The claims of Modi government and the calls for more projects and investments and promotion of ‘self-employment’ instead of providing jobs, seem to have come a cropper, the much touted ‘unprecedented’ rise in India’s Ease of Doing Business (EOB) rank notwithstanding: The number of stalled projects in the country has reached a record level, according to a new report.

Citing a report by Centre for Monitoring Indian Economy (CMIE), Quartz India said, “India Inc is mothballing projects at a record pace.”

In the 12 months ending March 2018, India saw an unprecedented number of projects being shelved by companies, said the report.

In financial year 2017-2018, investments worth Rs7.63 lakh crore ($117.35 billion) were scrapped.

Over 40% (worth Rs3.3 lakh crore) of which were dropped from January-March, the last three months alone, the report said.

Projects being shelved at unprecedented pace, stalled projects at record high, says CMIE reportWhereas earlier the projects usually got delayed due to hurdles in getting regulatory approvals, now the reason was subdued economic growth leading to lack of demand, said the Quartz report quoting, chief economist at India Ratings & Research Devendra Kumar Pant.

Most companies were using only 71.8% of their existing capacities, according to a Reserve Bank of India (RBI) survey conducted towards the end of the July-September 2017 quarter. In such a scenario, adding more factories and manufacturing units may not be viable.

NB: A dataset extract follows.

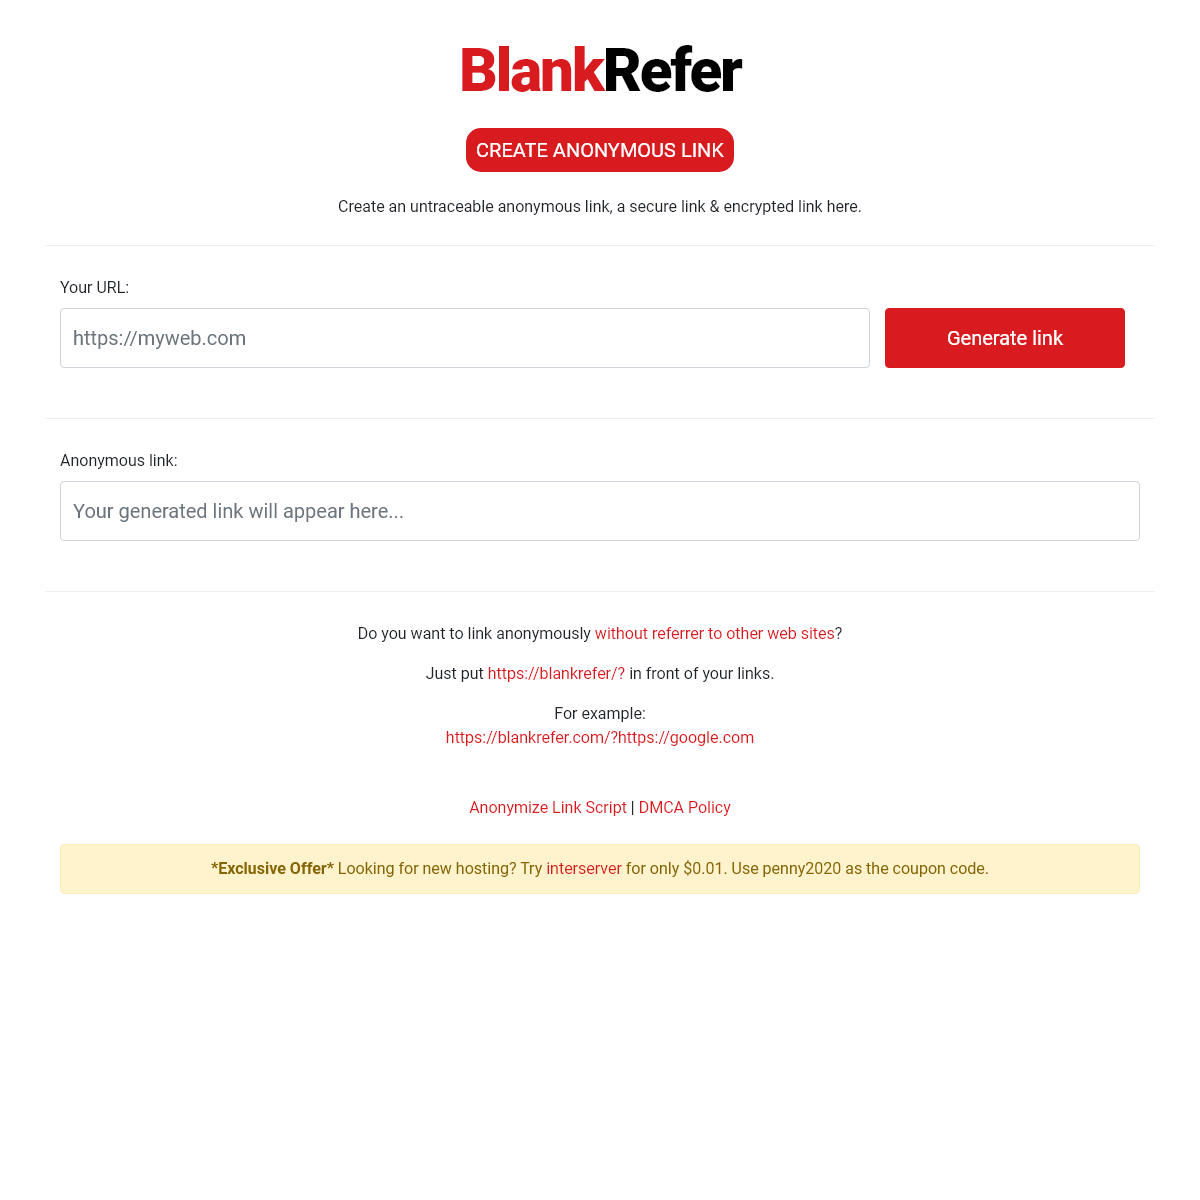 A complete backup of blankrefer.com

“In the power sector, for instance, there is surplus supply. This has affected the distribution companies’ financial position. Similarly, rising input costs and falling demand have taken the wind out of the steel sector. Therefore, companies in the power and steel sector are unlikely to take up any new projects in the coming months,” the report said.

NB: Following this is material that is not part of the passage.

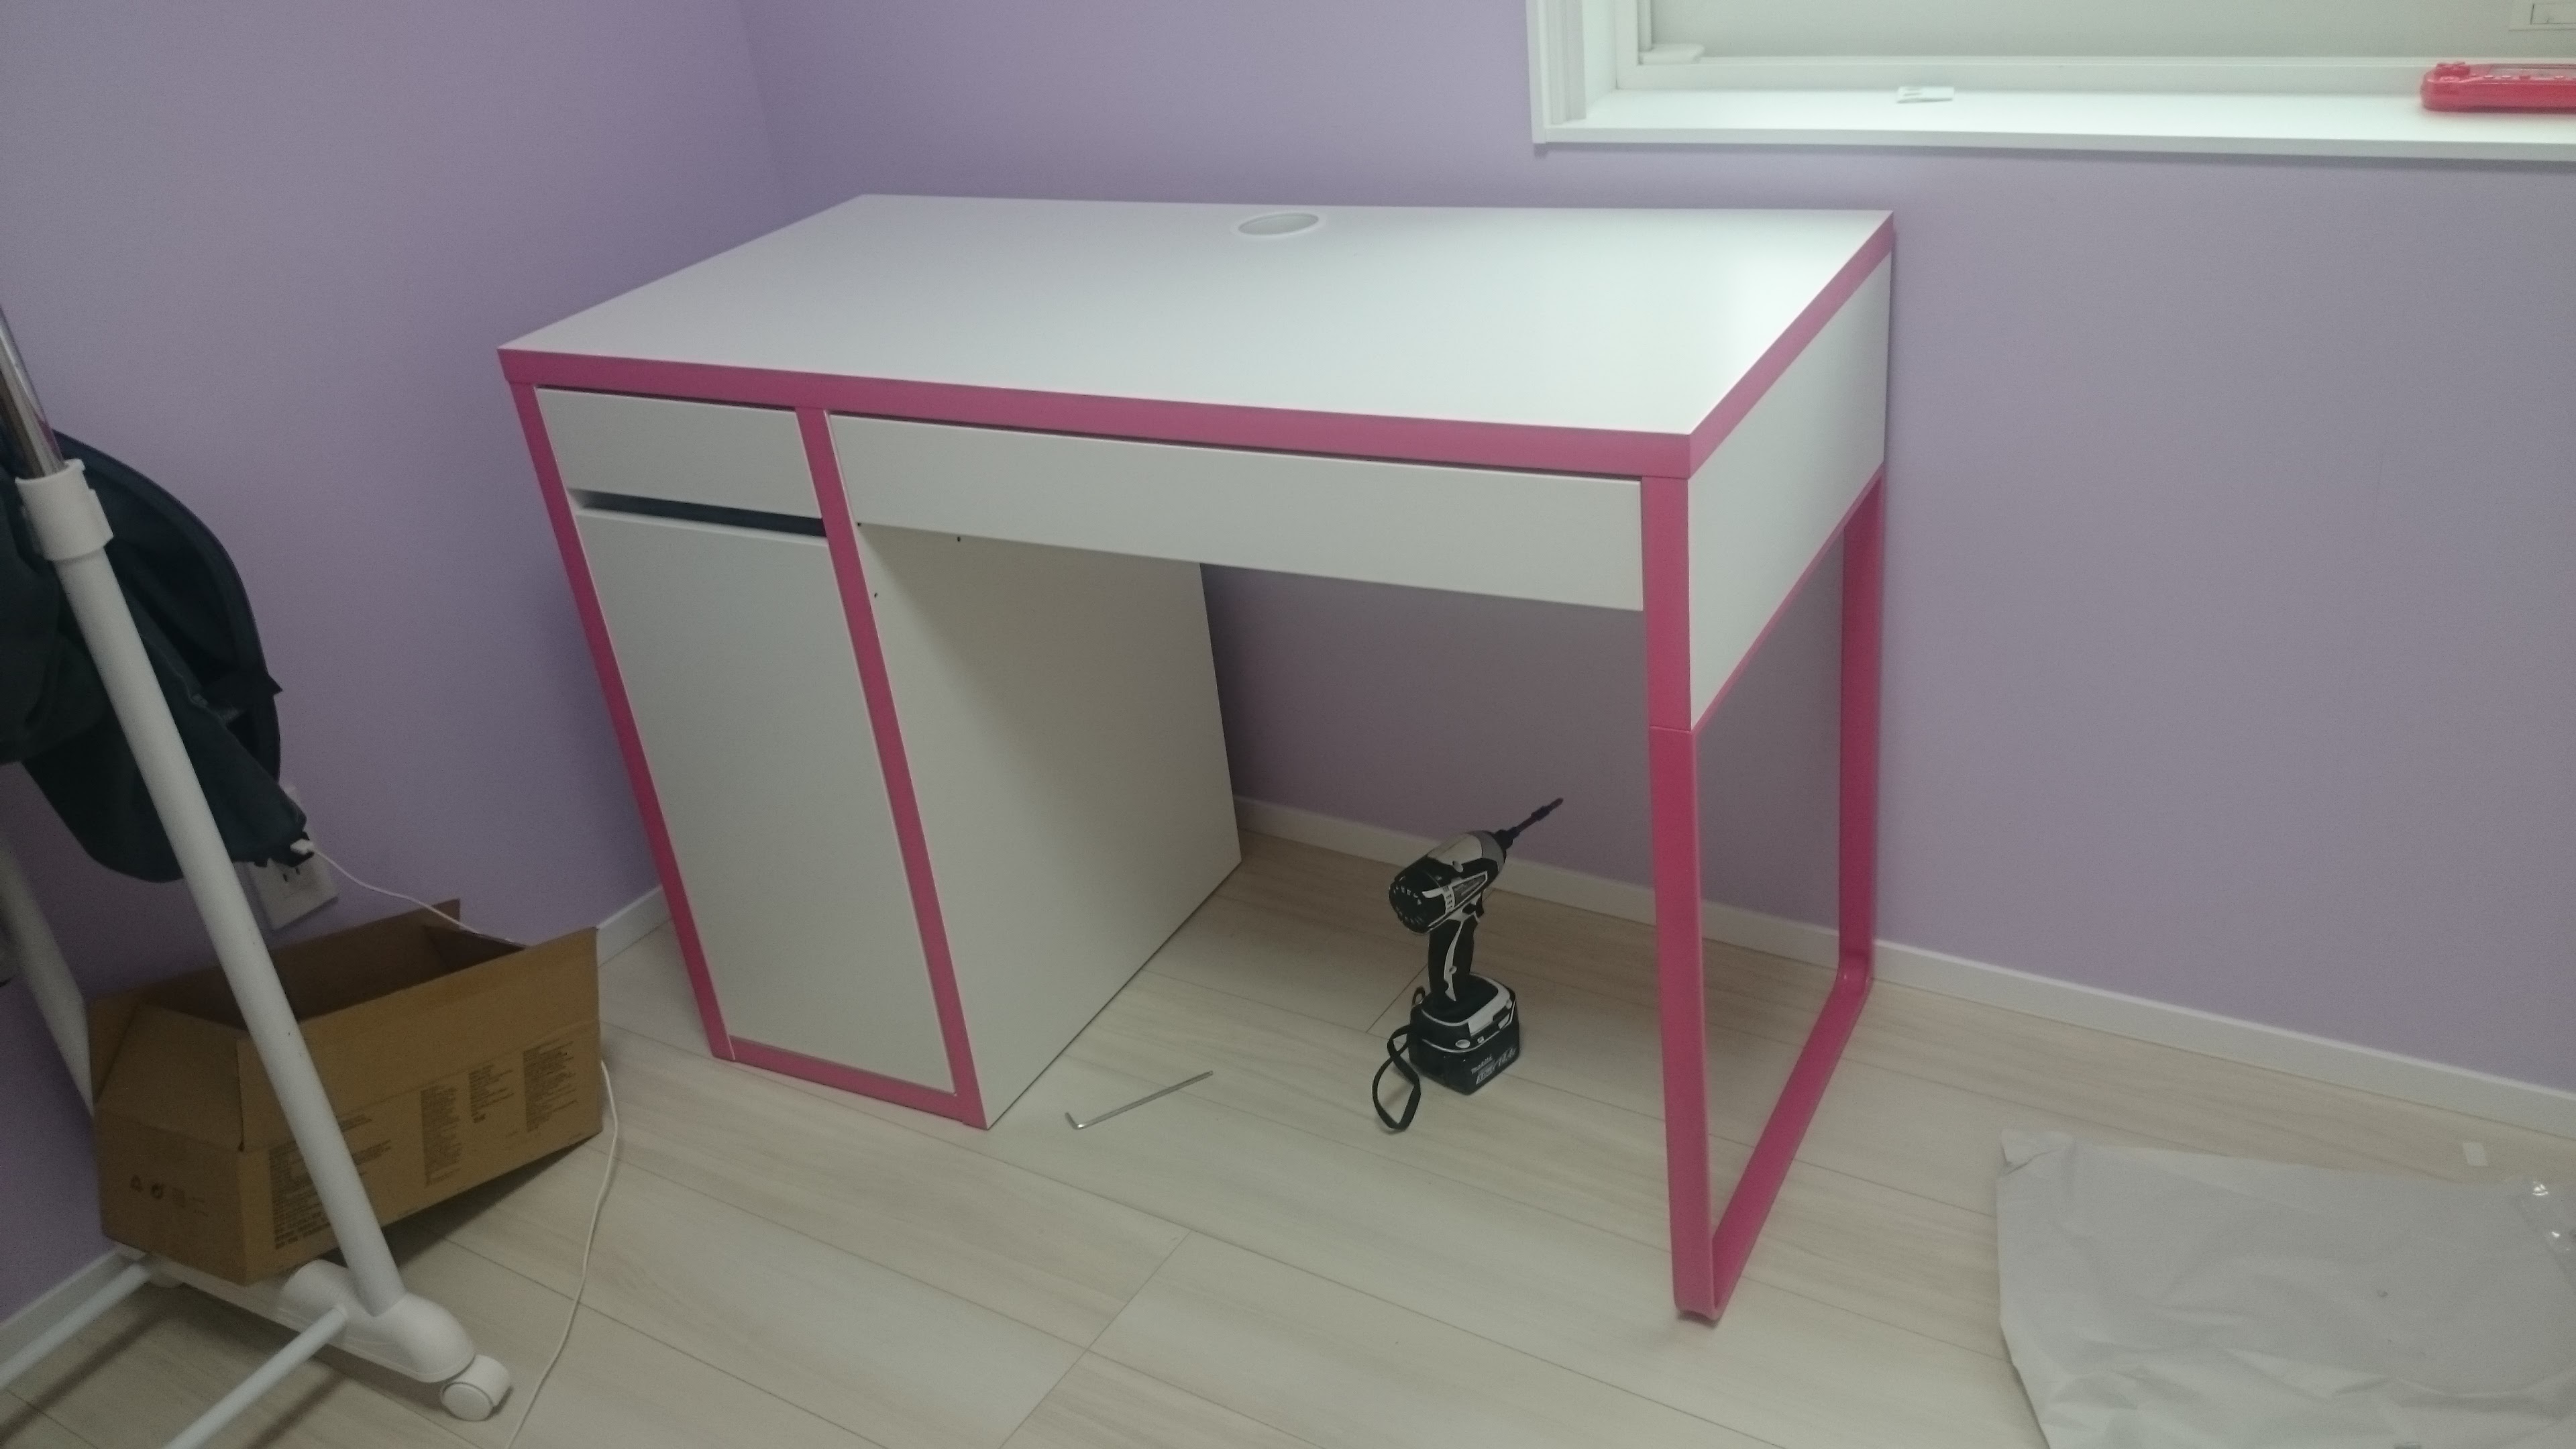 組立編 Ismart Ikea 女の子の子供部屋にイケアの机と椅子を入れまし

It said that overall, with output and new orders declining, manufacturing activity in March grew at the slowest pace in the last five months, the Nikkei India manufacturing Purchasing Managers’ Index (PMI), compiled by IHS Markit, showed.

Mounting debt and languid demand have also resulted in subdued growth in corporate earnings in the last few years. Things worsened in financial year 2018 due to the lingering effect of demonetisation and the introduction of the goods and services tax.

There was more bad news. Quarterly profit growth for listed Indian firms fell from 16.4% in the January to March quarter last year to a negative 13.9% in the October to December quarter, according to the CMIE data.

Tepid demand and slow sales have, in turn, added to the massive debt pile. At the end of March 2017, India’s corporate debt inched up to a seven-year high, underlining their stress levels.

With investments on hold, there is little generation of employment and demand. The economy is already staring at a job crisis with unemployment rising steadily.

The problem is not new. Exactly a year ago, it was reported that the number of stalled projects had reached the highest level since Narendra Modi assumed office as the prime minister in May 2014.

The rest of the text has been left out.